If you look at the typical arguments against piracy, one of the old saws usually trotted out is "people will steal stuff if given the opportunity." I've never believed that to be true. After all, there's still a tip jar in every coffee shop in America and that money is there for the goddamn taking. I think piracy is more about fairness: when a faceless organization wants to get between you and the music you want and charge you seventeen dollars for it, your natural reaction is "fuck you buddy" and before too long, you're up on TPB.

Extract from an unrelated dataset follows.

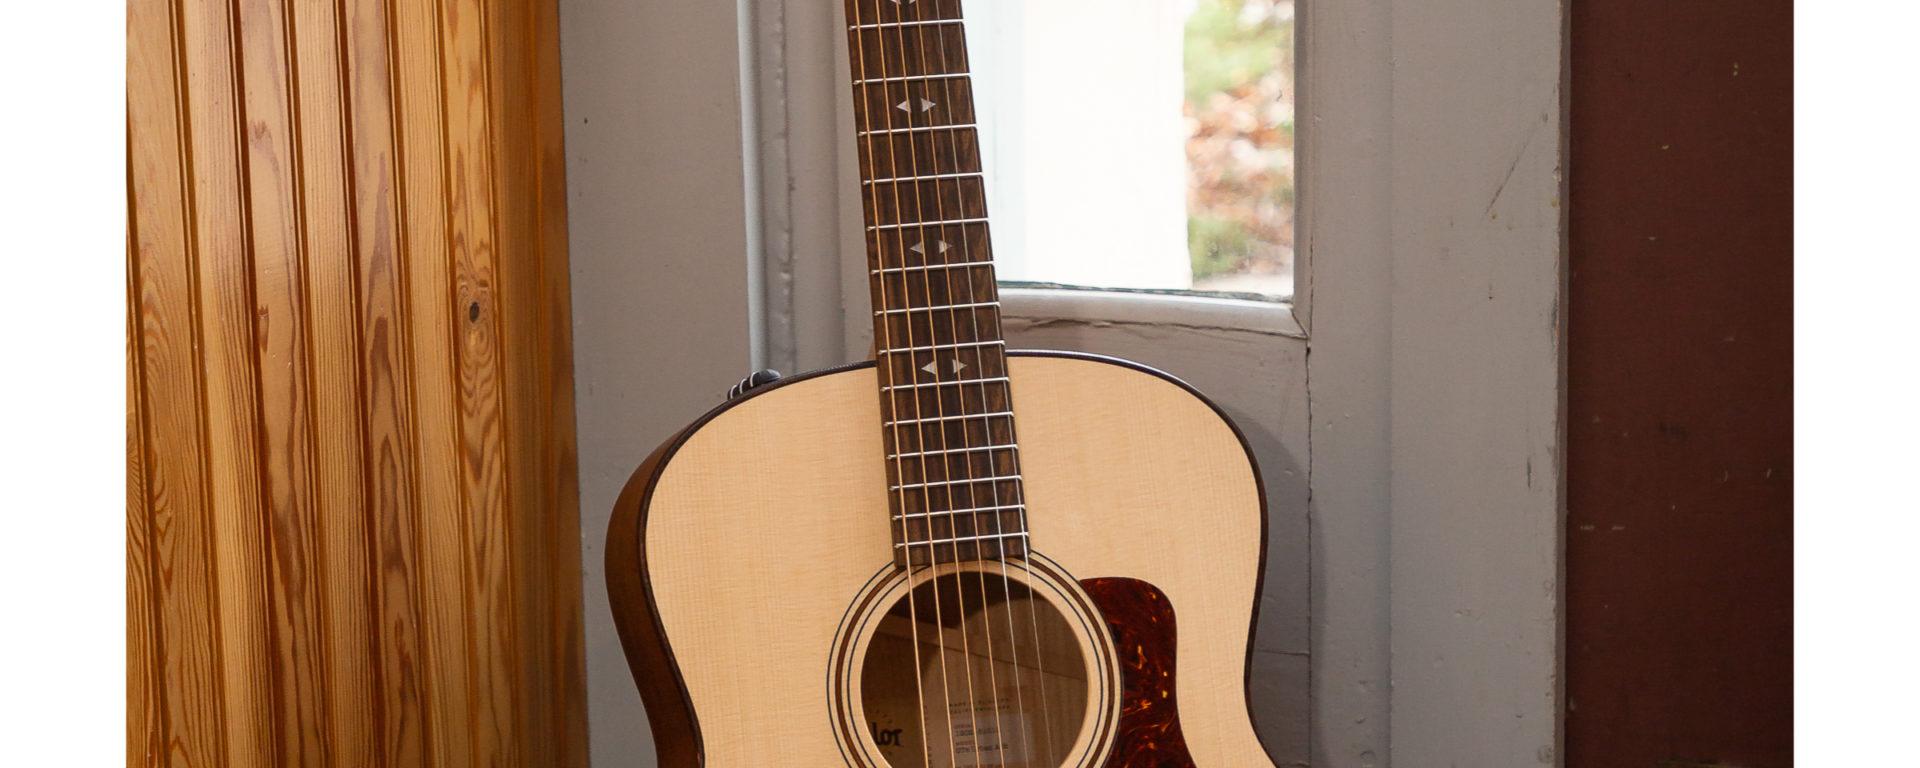 Taylor Guitars - Grand Theater GTE Urban Ash

Thing is, if I wanted music on Ghostly I could just go look them up on Demonoid or What. Hey, maybe I'll do that. And look at that - Demonoid gives me 148 maybe-related bands but not really, What gives me like 16 hits on FLAC. If I wanted to steal Ghostly music, I could have it at better quality than they're offering. After all, I've never heard of Ghostly (my musical experimentation pretty much stopped at The Fahrenheit Project) and I've got bandwidth.

But I'm still keenly interested in this.

So I downloaded their app, got annoyed that it didn't stream to my Airplay receiver, grabbed their URL, threw it at the Mac Mini, and now I'm listening to Moodgadget's playlist and enjoying it. I might damn well buy that $15 a month subscription for at least a few months.

Not because I have no other recourse, but because I want to be a part of something cool.

"I'm a fan."

Here's the thing. I was on eMusic for, oh, four years. One of their first buyers. Had the grandfathered plan. Got my 90 downloads a month and often had to go hunt for stuff (one reason why I have something like 30 hours of ambient recordings). Their MP3s were never good - 128kbps VBR, as I recall - and I caught them ripping them audio-audio several times (ever heard an MP3 "skip"? You know someone fucked up). But I was willing to put up with that.

Until they knocked me off my grandfathered plan from 90 tracks a month to 50 tracks a month. Not because they were having a hard time making ends meet... but because they just struck a deal with SONY and SONY wanted more money.

http://frankhecker.com/2009/06/02/new-emusic-us-pricing/

Fuck you, eMusic.

"I'm no longer a fan."

So my eMusic subscription money has been split between SomaFM and the ACLU since 2009. I've had some lean times but turning off that tap just didn't seem right. I want to have my finger in the "digital" pie because yeah - I'll torrent a new album. Generally the stuff I want to listen to is either available for 15 euros with 9 euros shipping or it's available in 20 minutes off What.cd for free. The cost of legitimacy is just ridiculously too high when the cost of illegitimacy is nothing. Yet here's a label I've never heard of before and I'm all about investigating whether I want to sign up for a monthly draw from my account.

Why don't more businesses get this? All you have to do is make me want to do business with you. The more repugnant you make the process, the less likely I am to play by your rules.